Abe makes no progress with Putin in talks on Russia-held islands, postwar peace treaty
Japan Times -- Jan 23
Prime Minister Shinzo Abe met with Russian President Vladimir Putin on Tuesday to seek progress on a decadeslong territorial dispute over a group of islands that have remained under Russian control since the end of World War II.

The meeting came as the two countries are accelerating talks for a postwar peace treaty that has not been concluded due to the territorial dispute, with the focus shifting to whether Abe will secure a deal on the handover of two of the four disputed isles off Hokkaido.

Abe hopes to settle the dispute over the islands, known as the Northern Territories in Japan and the Southern Kurils in Russia, to make a World War II peace deal the main pillar of his political legacy. Abe is believed to be pursuing a June timeline to reach a broad agreement with Putin, who is expected to visit Japan that month for the Group of 20 summit.

As part of efforts to strengthen mutual trust between Tokyo and Moscow, Abe and Putin are expected to discuss ways to foster joint economic activities on the four islands.

But it remains unclear whether the leaders will find common ground in their 25th summit, after agreeing in Singapore in November to step up their search for a solution on the basis of a 1956 joint declaration issued by Japan and the Soviet Union.

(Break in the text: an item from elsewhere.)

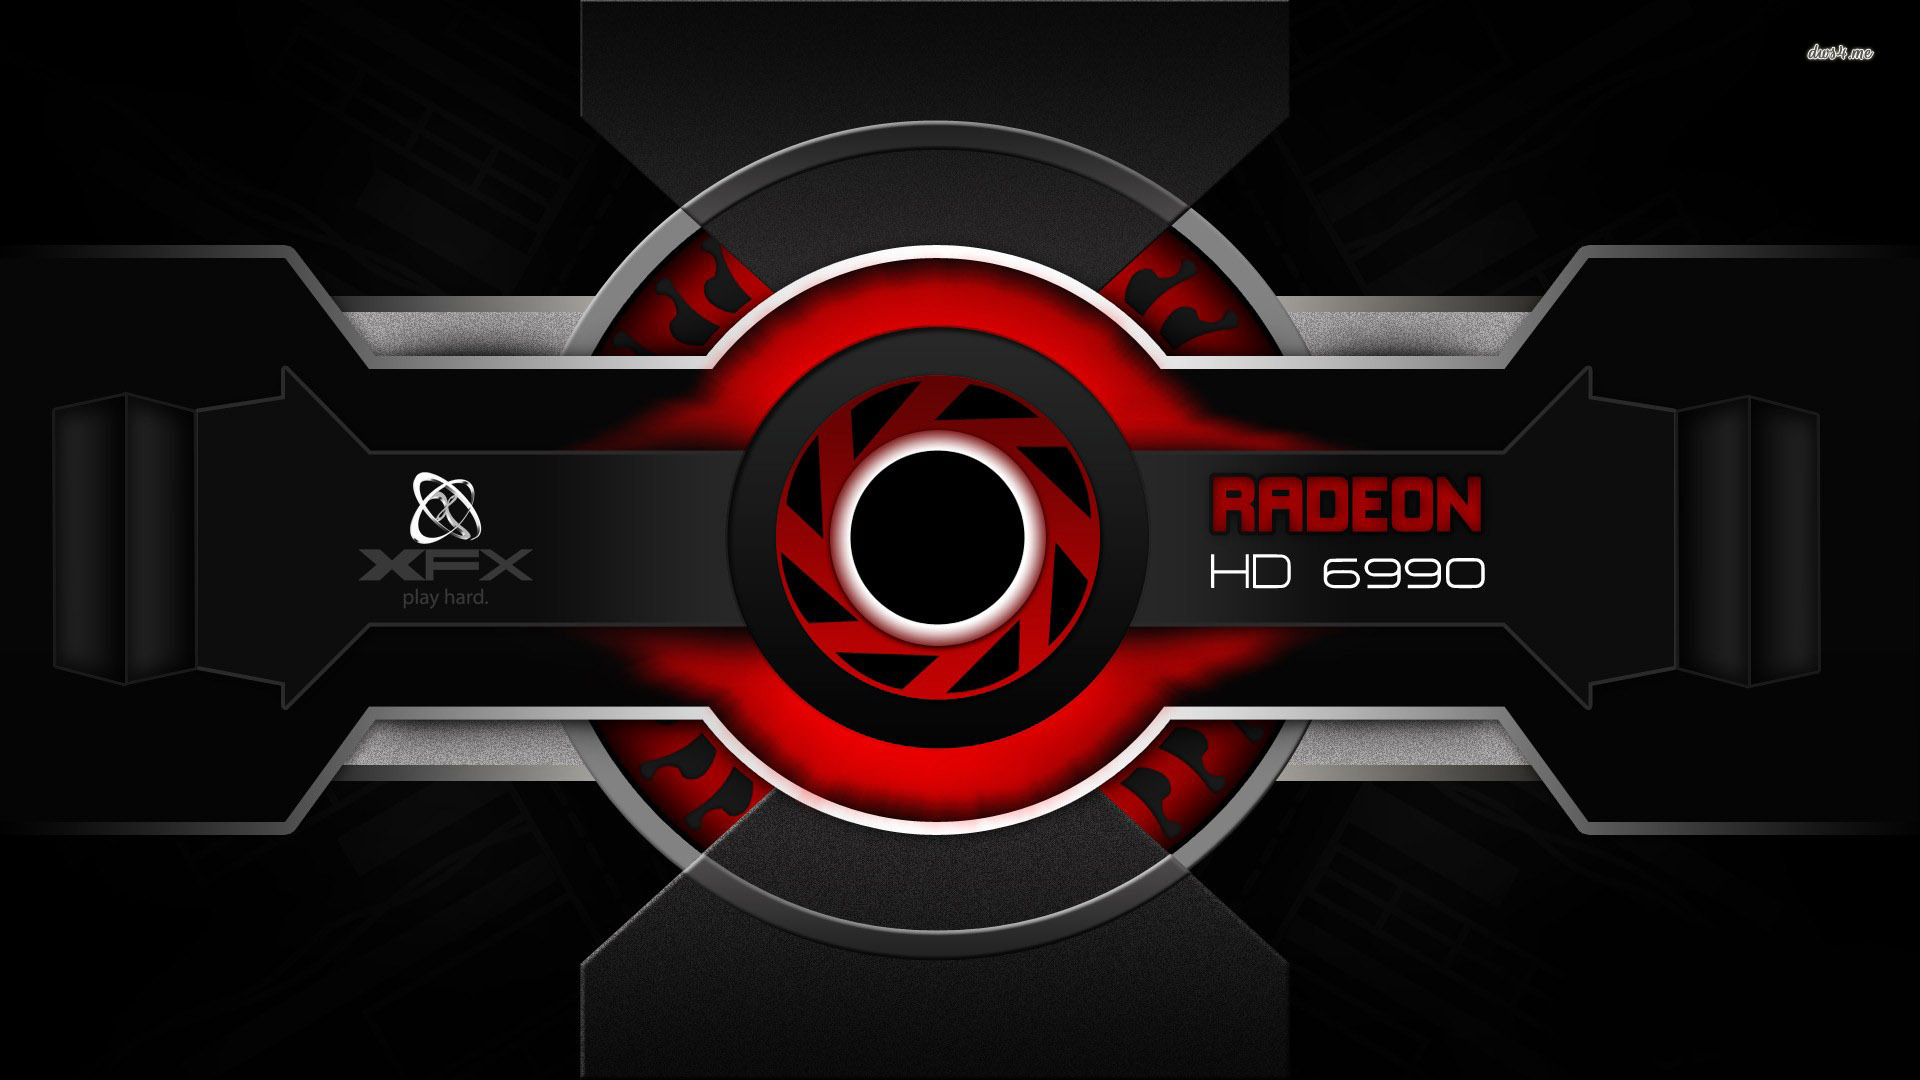 AMD Radeon on X:

The declaration, which ended the state of war between the nations and restored diplomatic ties, stipulated the handover by the Soviet Union to Japan of Shikotan Island and the Habomai islet group following the conclusion of a peace treaty.

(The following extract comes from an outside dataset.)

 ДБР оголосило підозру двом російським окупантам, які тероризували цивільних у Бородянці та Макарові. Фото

The two countries differ over what a “handover” of the two islands would mean, with Tokyo arguing that it should entail Japan assuming sovereignty and Moscow asserting nothing relating to sovereignty is mentioned in the 1956 document.

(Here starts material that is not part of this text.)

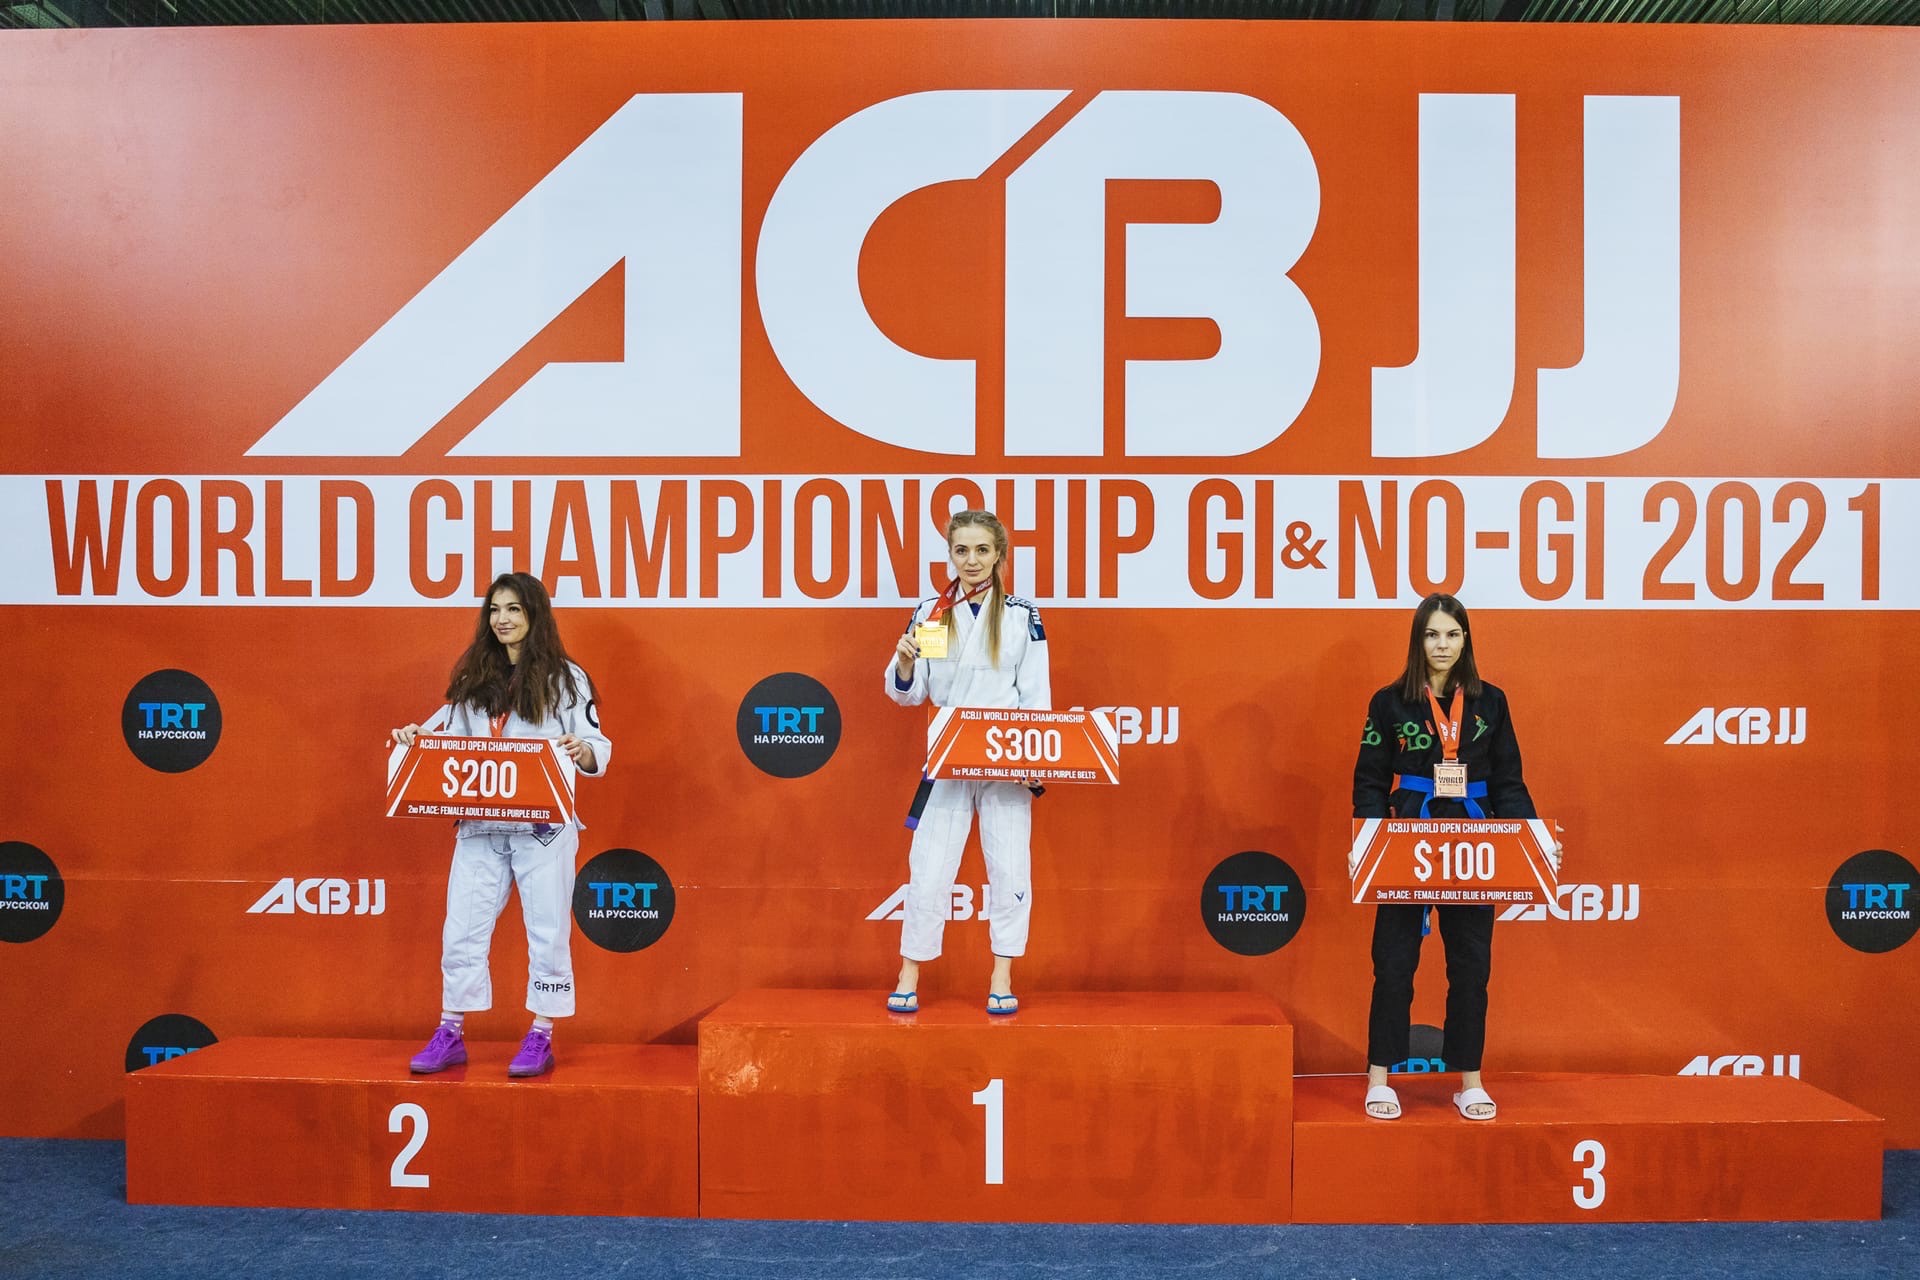 MCU student won awards at the World Jiu-Jitsu Championship

Japan maintains that all of the islands are “inherent territories” of the country that were “illegally occupied” by the Soviet Union following Tokyo’s surrender in World War II in 1945, while Moscow insists it legitimately acquired them as a result of the war.

With Moscow increasingly viewed as unlikely to cede the two larger islets, called Kunashiri and Etorofu in Japan, Japanese government sources said Abe is leaning toward accepting a peace pact with Russia if the handover of the two smaller islets is assured.